There are two major news sources in San Diego again -- something many natives of this big city never thought would be possible after the afternoon Tribune merged into the morning Union in 1992, creating the troubled Union-Tribune of today. Like a lot of formerly glorious family-owned daily papers in the United States, the U-T has been unable to adapt to the new news media landscape. It's shedding staff and dealing with a strange owner, an equity firm.
That's why it's good we have the Voice of San Diego, an online-only paper that is providing the city with a hard-nosed metro news feed that is by and by more comprehensive and dogged than the U-T. Right now its major front-page stories are a jailhouse interview with the first San Diegan prosecuted for armed robbery in pursuit of OxyContin, and a big scoop -- Barack Obama's likely choice for the next U.S. Attorney in San Diego.
On the other hand, the top local story at the U-T is ... a feature about the Christmas traditions of historic Old Town. In slightly more useful information for residents, the paper also lets us know today that the local cab industry is dominated by Somali immigrants.
The Voice is not a turn-around alternative to the print competition -- yet. It doesn't have a big enough staff to cover daily public safety news, which the U-T still does decently. The Union-Tribune also pays a fair amount of attention to breaking border-related news, as well. But in the over-all battle for more intelligent and aggressive coverage of local issues that matter to people, the Voice of San Diego is clearly in the lead.

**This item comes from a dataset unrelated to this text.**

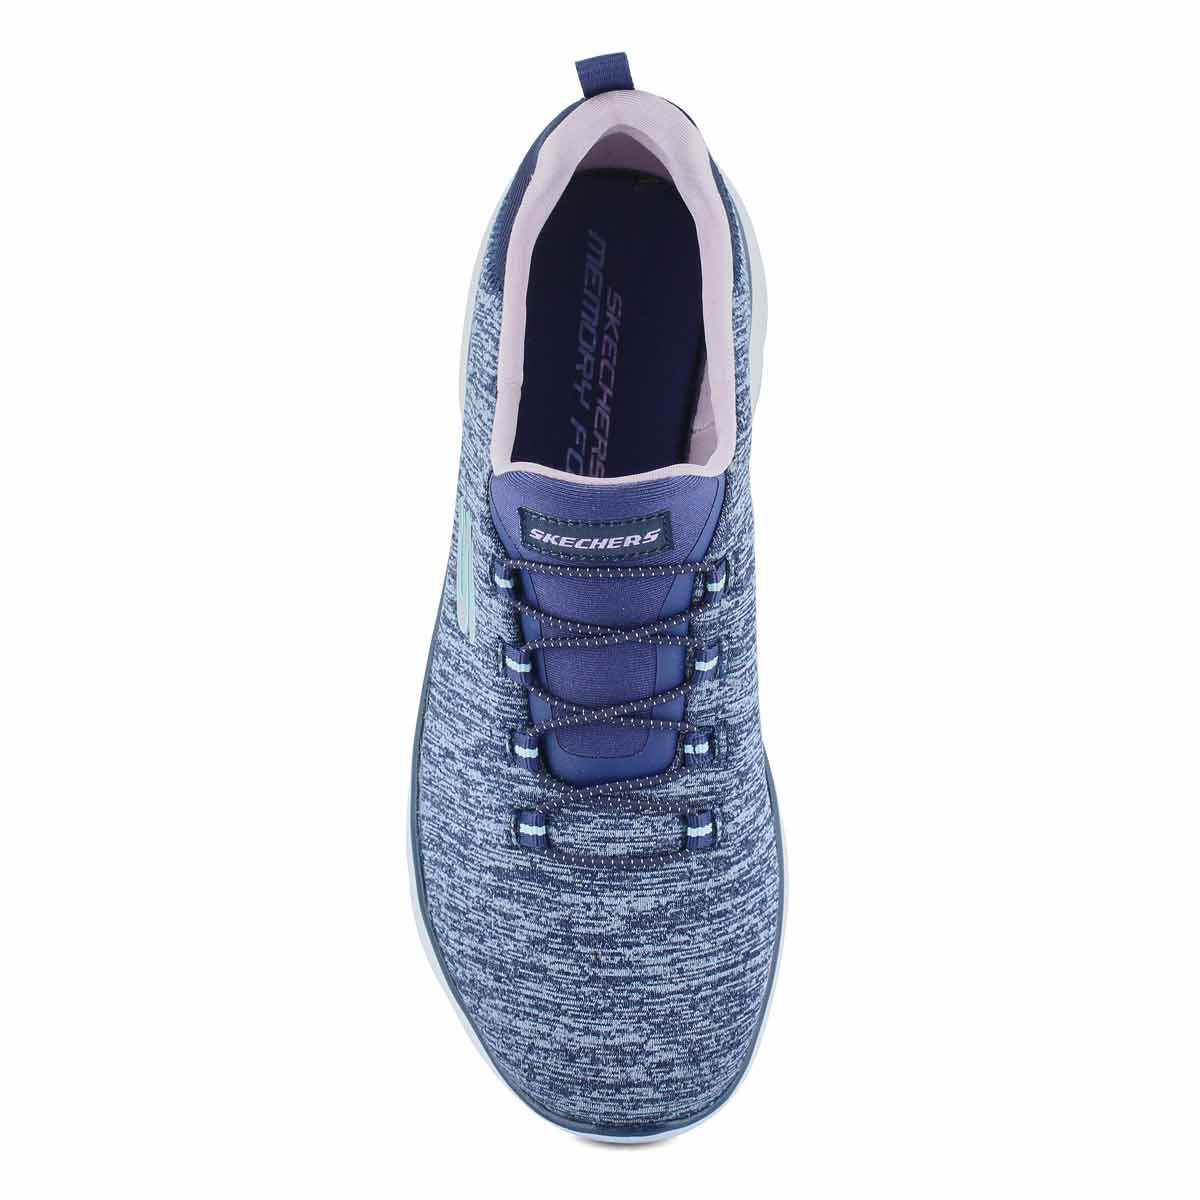 Women's Quick Getaway Sneaker - Navy/Pink

I feel for the U-T, but I don't feel sorry for it. This is a city with a wide variety of news sources -- the Reader, CityBeat, Spanish-language papers, Asian-language papers, the African-American Voice & Viewpoint, LGBT papers. In the long-run, San Diegans have enough choices in their media diet to make a future without a "mainstream" daily newspaper not an altogether terrifying thing to look forward to.